La materialidad sensible de un templo griego (la Tierra) que despeja y abre un Mundo y
el pensar conceptual sobre el Ser serían distintas formas de revelarse y abrirse la
Verdad: dimensiones de un mismo misterio, de un despejamiento, donde irrumpe y
brota el embrujo de la Verdad.

Sin embargo, el arte jamás ha pretendido revelar ninguna Verdad comparable a las de
la religión, la filosofía o la ciencia. Ni falta que le hace. El arte explora, desanuda y
desenreda a veces las afueras de esa ilusión de Verdad. El arte apunta siempre a ese
afuera amnioestético, sensible, imaginario y entrañable que otorga consistencia, tramas
y ritmos espaciotemporales a la Verdad (vertiginosamente diversa) en la que habitamos
los hombres. El arte promete un acceso a los forros y entretelas de esos tenuísimos
paneles imaginarios (burbujas, como las llama Sloterdijk) dentro de las que respiramos
(por dentro y por fuera de nosotros mismos) los seres humanos. Por eso el arte alcanza a
veces a mostrar las afueras desde donde los hombres dicen sus decires.

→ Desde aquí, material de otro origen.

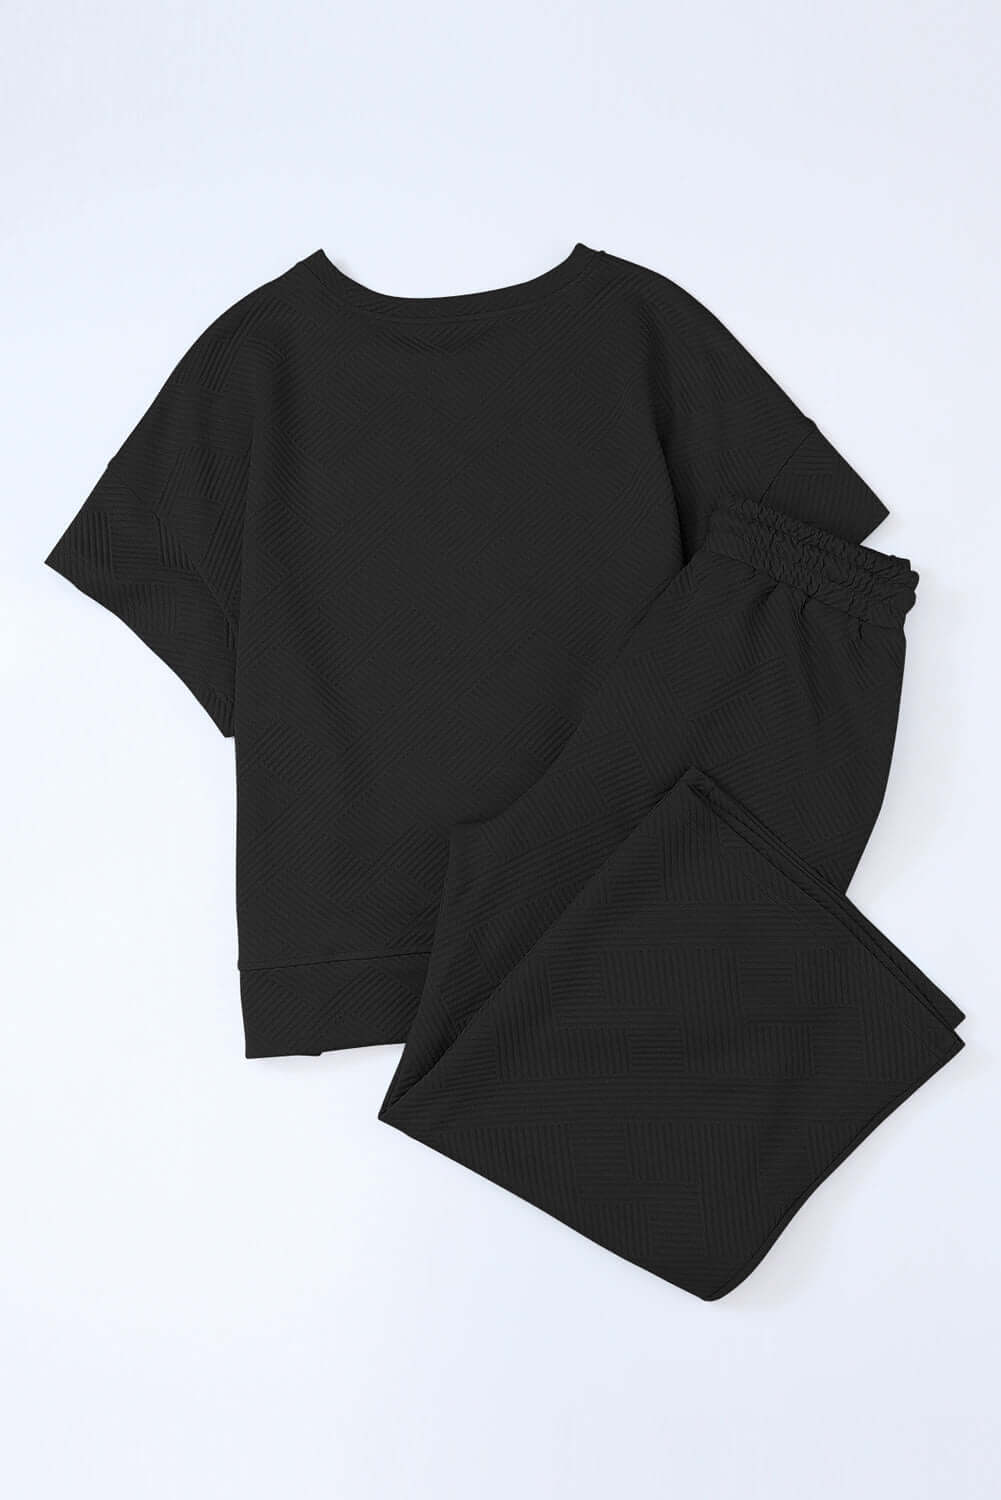 Black Textured Loose Fit T Shirt and Drawstring Pants Set - Dixie Hike & Style

La sustancia de ese magma post uterino espaciotemporal, donde se inscribe lo


imaginario (siempre compartido con el pequeño otro, con los cómplices), tampoco es

8
menester buscarla, al modo de Sloterdijk, en especulaciones psicoacústicas fetales,
ginecologías negativas o formaciones fantasmáticas pre/especulares, pues esa sustancia
constituye la urdimbre misma de los jugos post-amnióticos (jugos amnioestéticos) que
lubrican y aderezan las percepciones, representaciones y discursos de la experiencia
ordinaria siempre compartida (cuerda o insensata) de todos y cada uno los hombres.

Nadie discute, por todo ello, que también la metafísica pueda volverse del revés como
un calcetín y desvelar algo de sus cubiertas, envolturas, forros y costuras, mostrando, en
términos de Wittgenstein, las afueras de sus decires. Algo de eso hemos intentando
hacer en este libro.

Se nos dirá que en la experiencia ordinaria de los hombres (en sus canciones, vestidos,
gestos, chistes, ritornelos, risas, silencios y suspiros) también se muestran las afueras de
sus decires, y la exterioridad y las afueras de sus burbujas compartidas. Y es cierto,
absolutamente cierto para aquél o aquella que pueda verlo.